*** EXERCISE DATA ***

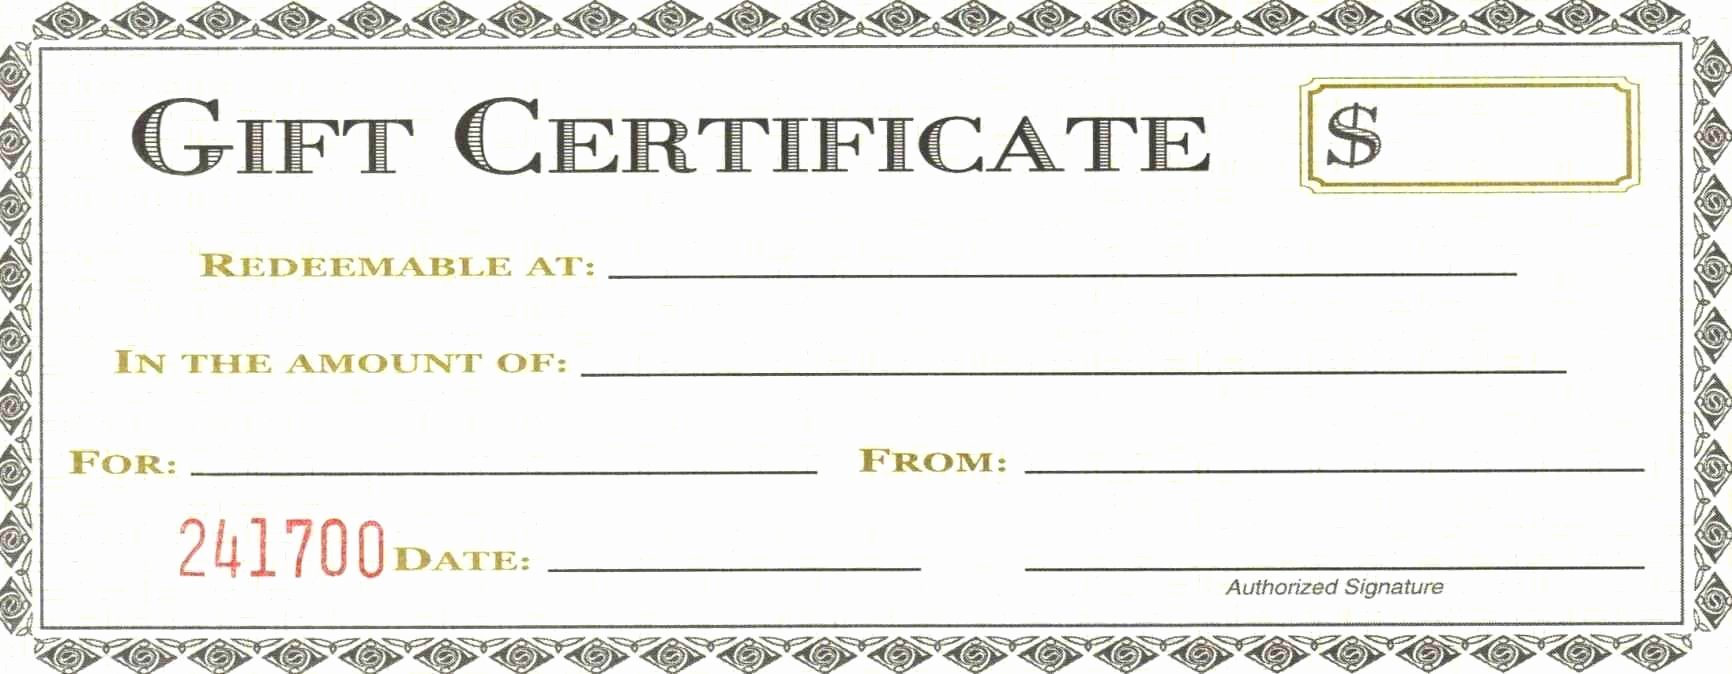 Restaurant Gift Certificate Template Beautiful Restaurant Gift Certificate Template Microsoft Word Gift
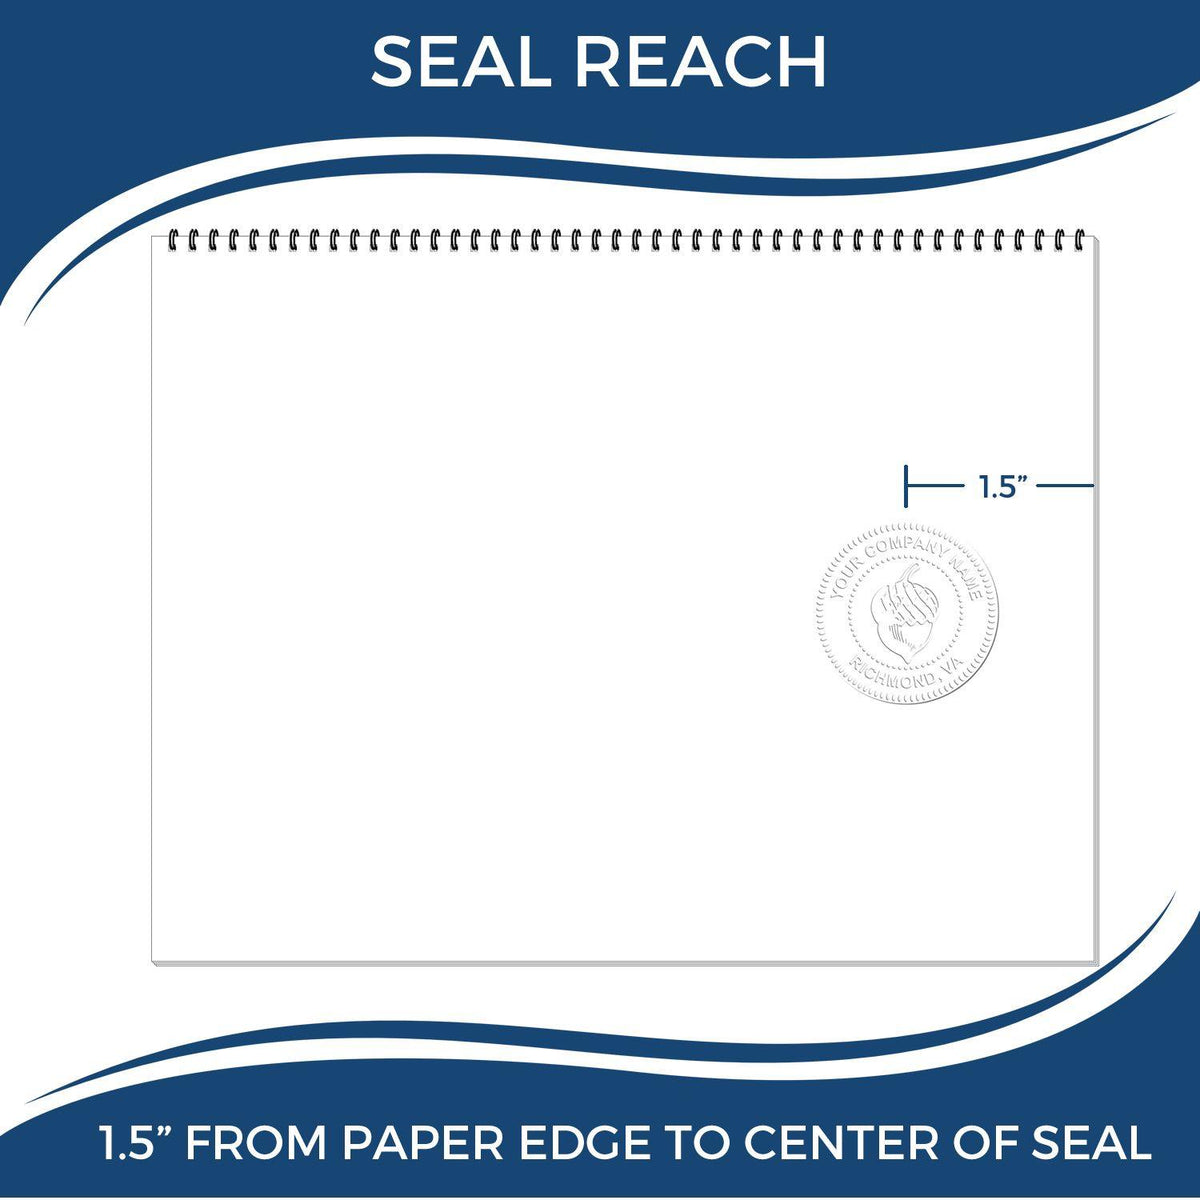 Interior Designer Pink Soft Seal Embosser - Engineer Seal Stamps - Embosser Type_Handheld, Embosser Type_Soft Seal, Type of Use_Professional
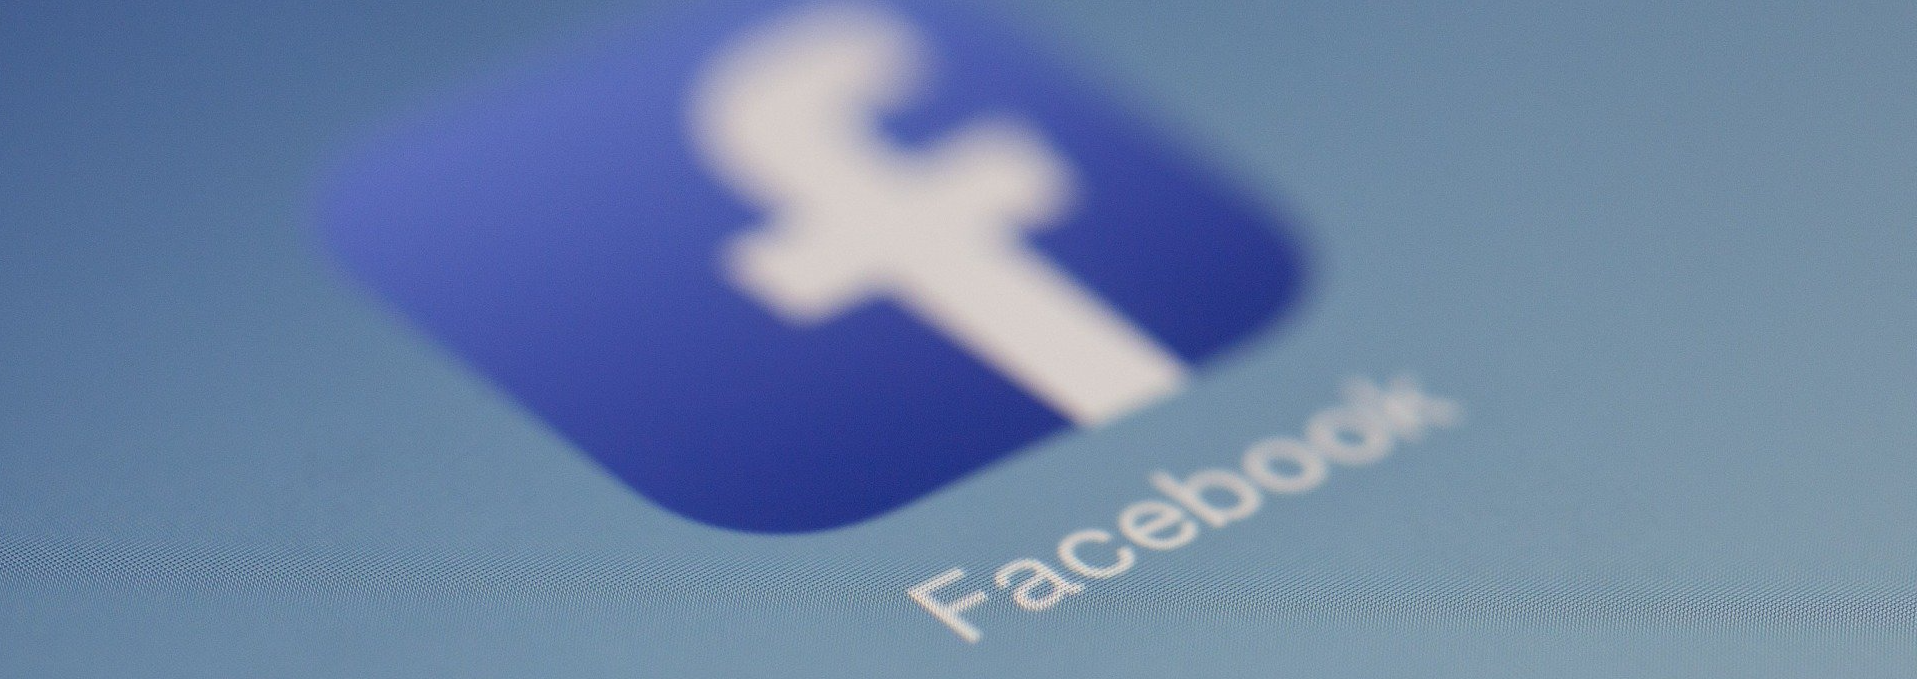 does facebook advertising work?

*** End of EXERCISE DATA ***

WORK TO BE COMPLETED: Write out the whole listing exactly as it appears, and omit the pictures.

SOLUTION TO THIS EXERCISE:
 Restaurant Gift Certificate Template Beautiful Restaurant Gift Certificate Template Microsoft Word Gift
 Interior Designer Pink Soft Seal Embosser - Engineer Seal Stamps - Embosser Type_Handheld, Embosser Type_Soft Seal, Type of Use_Professional
 does facebook advertising work?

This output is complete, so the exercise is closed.